The decision was, then, challenged by the trade union before the Supreme Court, on the grounds that the Court of first degree had, on the one hand, excluded the anti-union nature of the disciplinary action and, on the other, considered that the statements made by the trade union representative had exceeded the limits of the legitimate exercise of the right to criticize. The Supreme Court, which was requested to rule on the matter, first confirmed that the assessment of whether the employer’s behaviour was retaliatory is a matter of fact reserved to the Court of Merits, and that the burden of proving the subjective element of intimidatory intent lies with the party alleging it. Furthermore, the Supreme Court ruled that the sanction’s possible extra-disciplinary effects are not enough to automatically constitute a violation of trade union freedom protected by Article 28 of the Workers’ Statute.

From a substantive viewpoint, the Supreme Court, then, referred to the established principles on the right to criticize, clarifying that, while it is true that trade union activity can also extend to the political sphere and the broader “democratic structure of society”, it is equally true that it remains subject to the limits of formal and substantive restraint, as well as to the principle of relevance. In the case at hand – the Supreme Court continued – since the tone and manner of communication cannot be considered socially inappropriate, (only) substantive restraint and the principle of relevance come into importance: the former does not need the absolute truth of the facts on which the criticism is based, but requires at least putative truthfulness, i.e. that the statements can be subjectively inferred from the context and known facts; the latter, on the other hand, requires that the statements be traceable to an interest worthy of protection, directly or indirectly related to working conditions and the company, since criticism that is objectively unrelated to the employment relationship and wantonly aimed at damaging the employer’s reputation must be considered to exceed this limit.

That said, the Supreme Court upheld the decision of the Appeal Court, considering correct the distinction made by the latter between the report of irregularities in the competition – which was not included in the disciplinary proceedings – and the further statement that these irregularities were part of a deliberate “policy of fiscal harassment against small taxpayers”. That last statement, in the absence of even circumstantial evidence, was found to be a mere inference, capable of seriously damaging Public Authority’s image and undermining the relationship of trust between citizens and the State, so that the violation of both the requirement of putative truthfulness and the principle of relevance is, according to the Supreme Court, beyond doubt.

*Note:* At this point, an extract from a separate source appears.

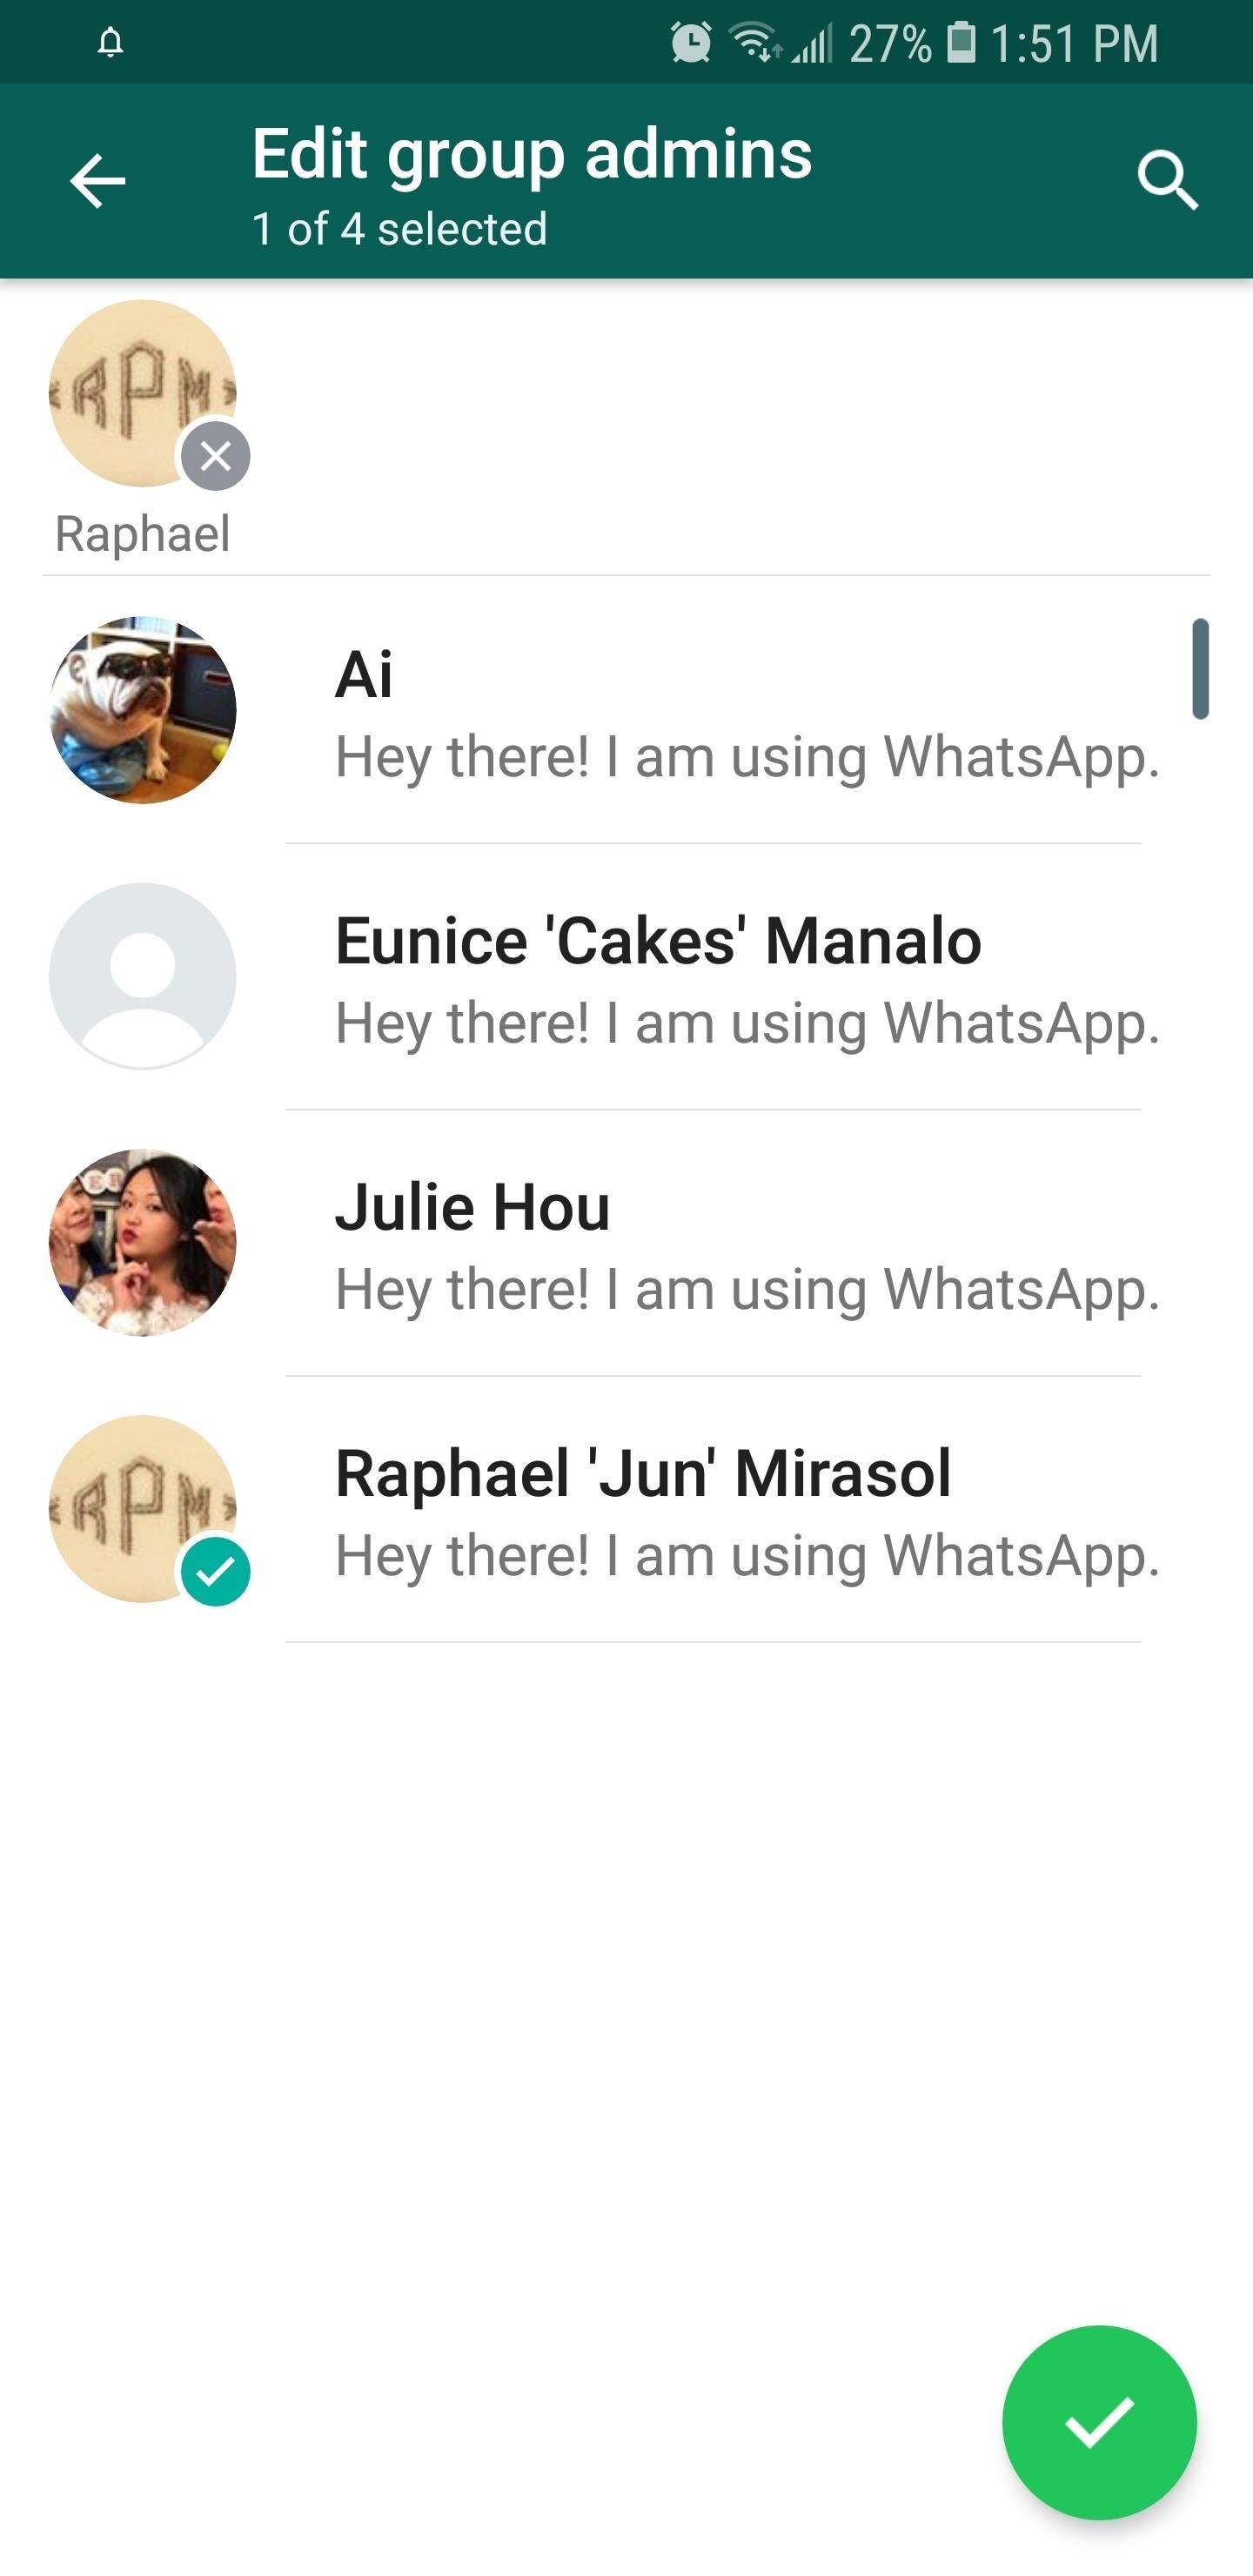 How to Add Descriptions to WhatsApp Group Chats to Coordinate Discussions Better

Key Action Points for Human Resources and In-House Counsel

  • The right to criticize can allow opinions extended even to political sphere on condition that this is in compliance with either the limits of formal and substantive restraint and the principle of relevance;
  • Formal and substantive restraint does not need the absolute truth of the facts on which the criticism is based, but requires at least putative truthfulness, i.e. that the statements can be subjectively inferred from the context and known facts; whereas the principle of relevance, on the other hand, requires that the statements be traceable to an interest worthy of protection, directly or indirectly related to working conditions and the company, since criticism that is objectively unrelated to the employment relationship and wantonly aimed at damaging the employer’s reputation must be considered to exceed this limit.